# PROVIDED DATA
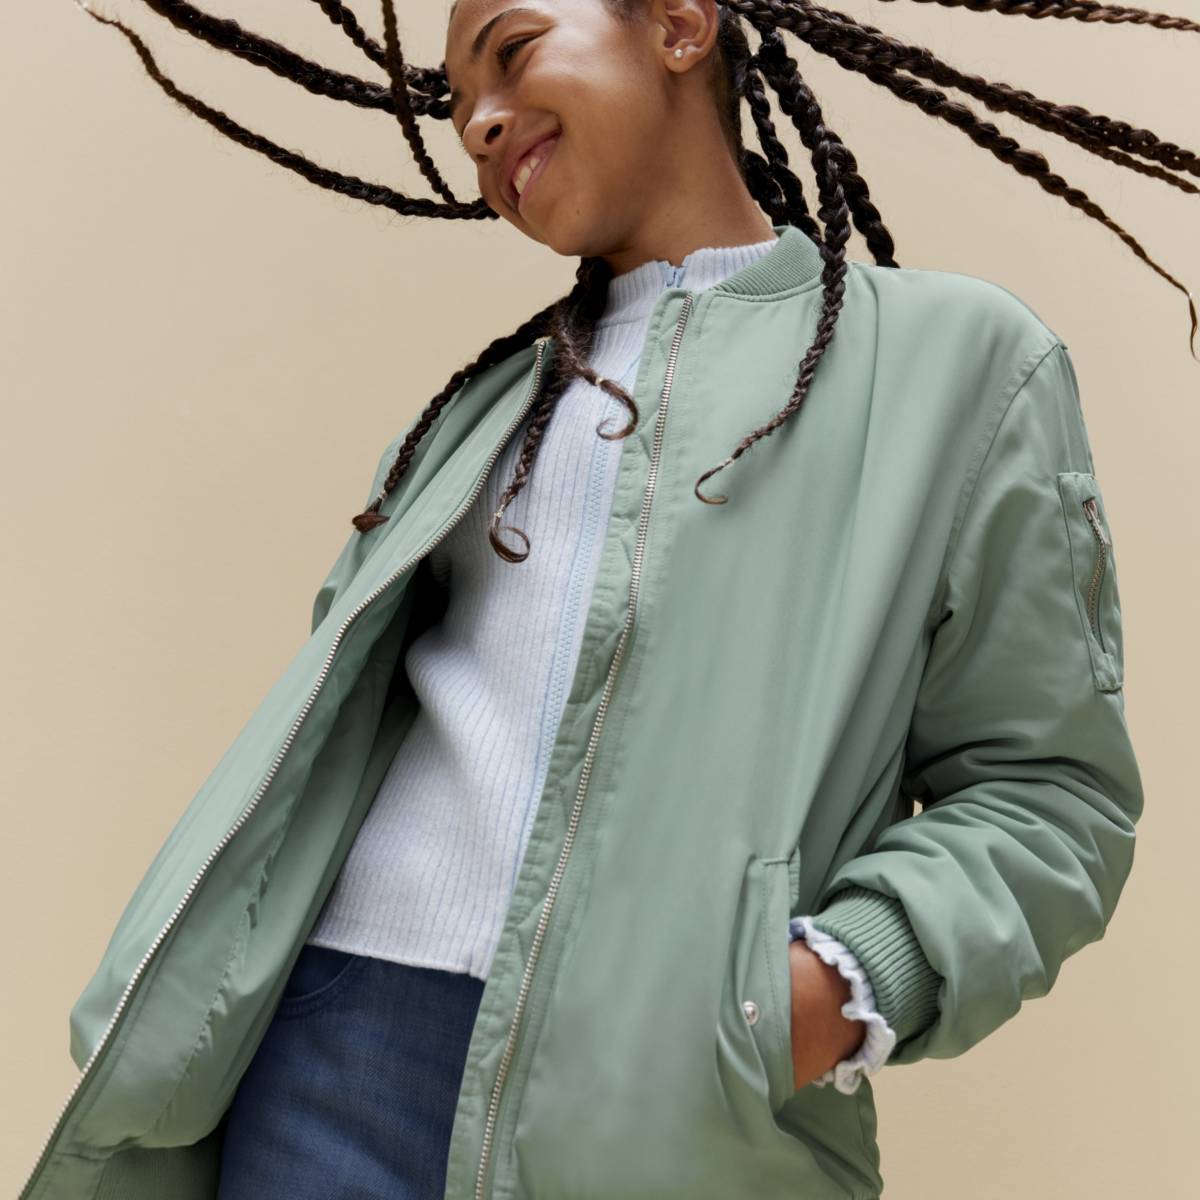 Girl wearing green bomber jacket, white top and jeans 
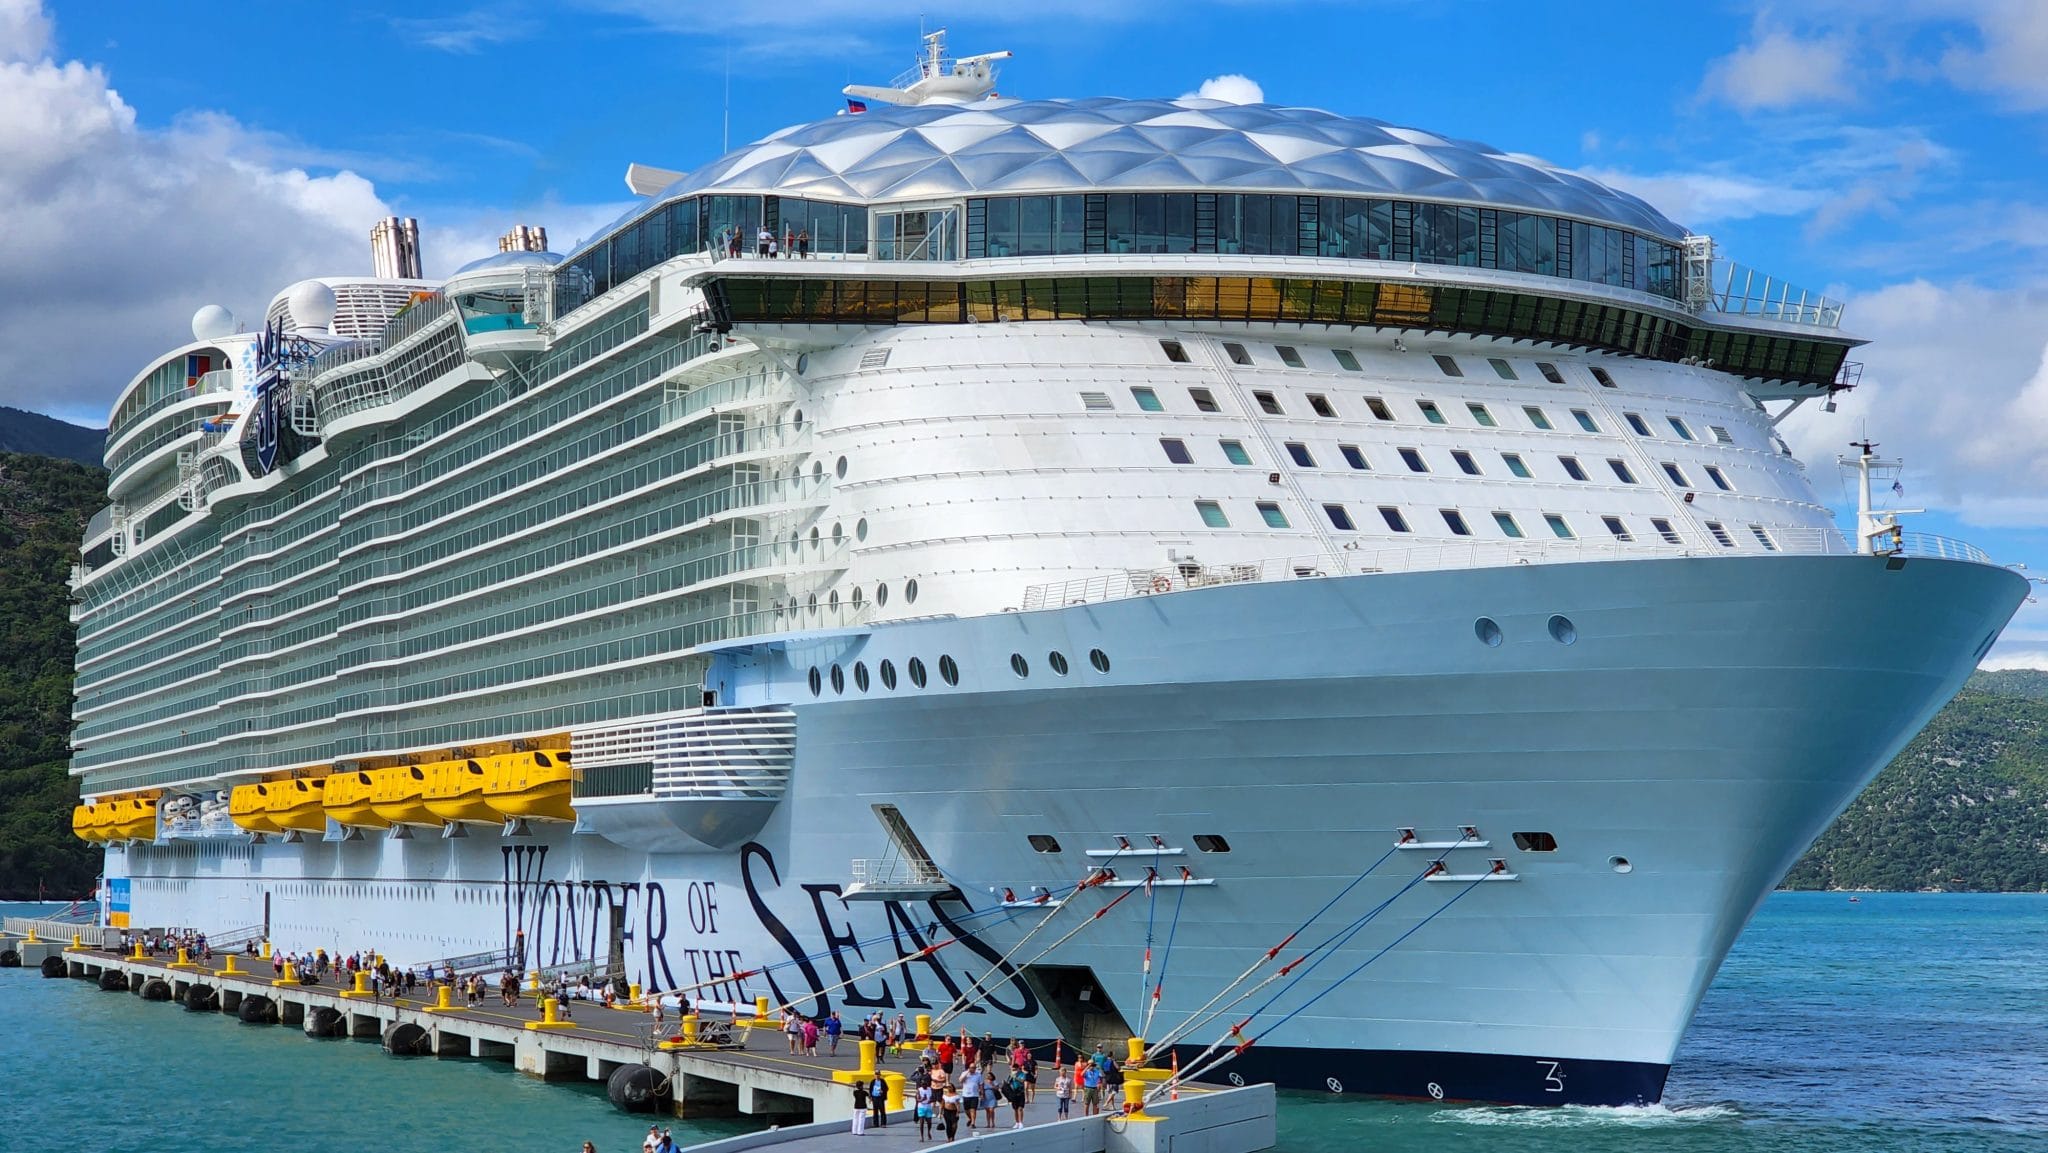 Wonder of the Seas Review: Royal Caribbean's Newest and Largest Cruise Ship
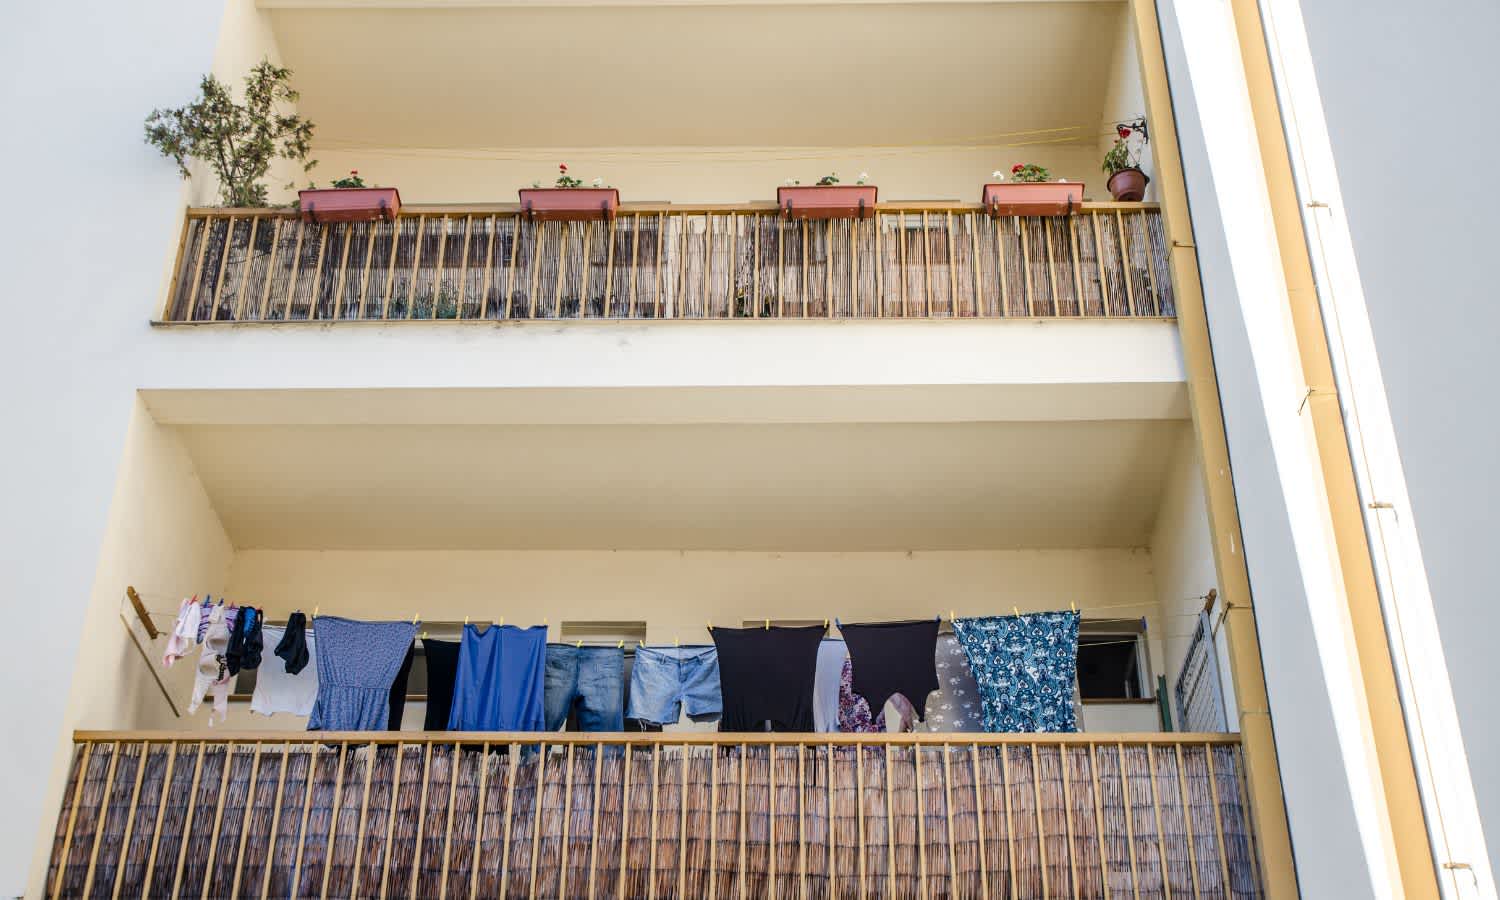 drying clothes in the balcony
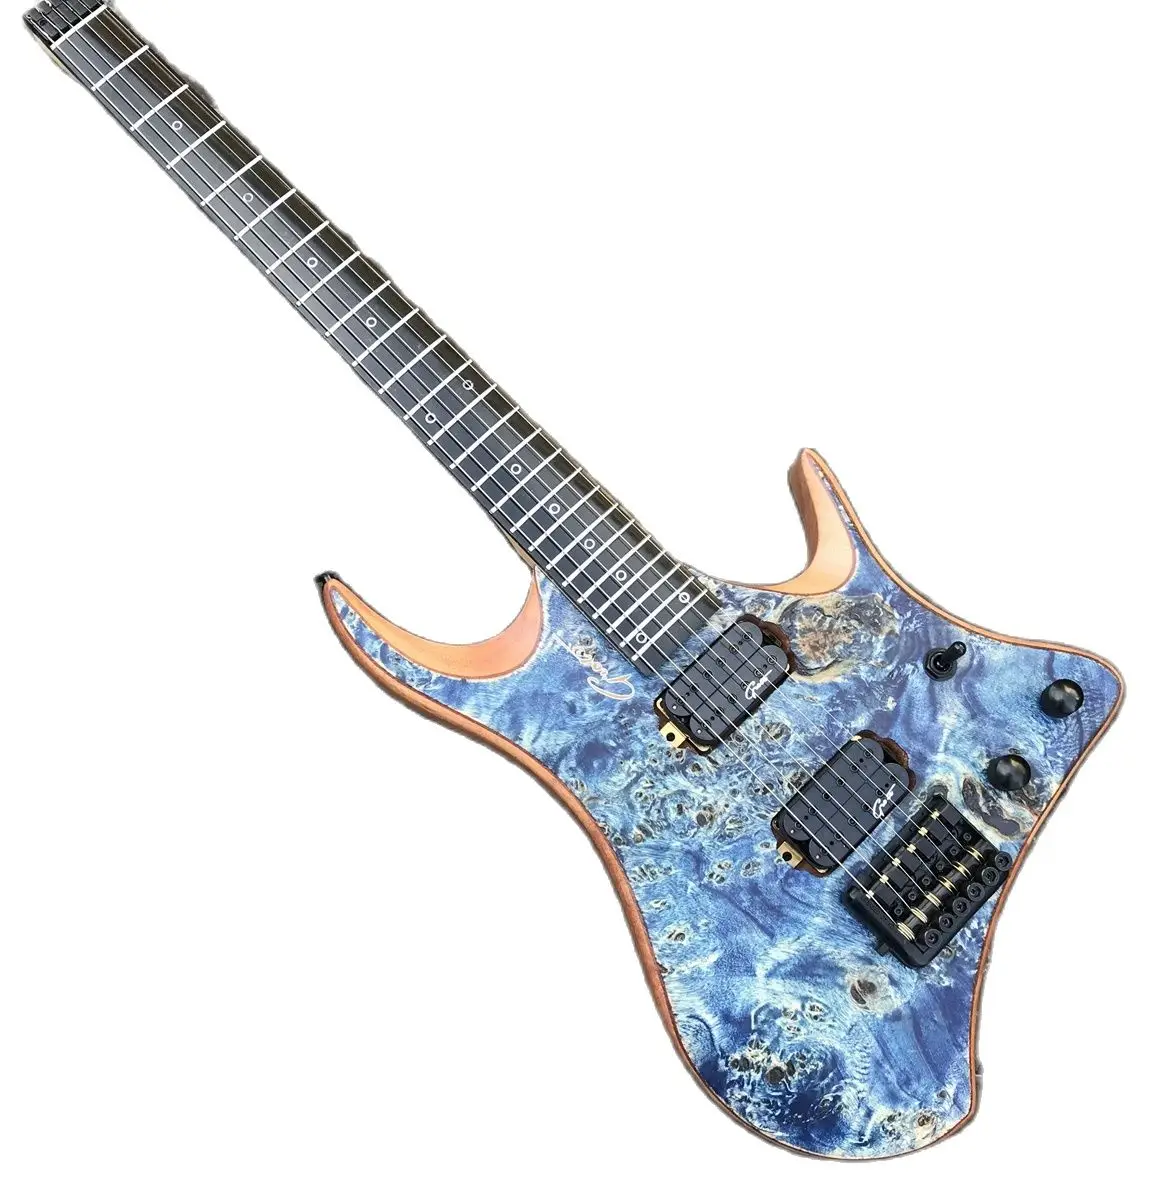 

Quilt Maple Headless Electric Guitar Colourful Paint Body Ebony Fretboard 24 Frets Imported Black Hardware with Gigbag Free

# DESCRIPTION OF THE TASK
From the line with "drying clothes in the balcony" to the last line of the material, both inclusive, set down every line exactly and nothing else; omit pictures.

# TASK RESPONSE
 drying clothes in the balcony

Quilt Maple Headless Electric Guitar Colourful Paint Body Ebony Fretboard 24 Frets Imported Black Hardware with Gigbag Free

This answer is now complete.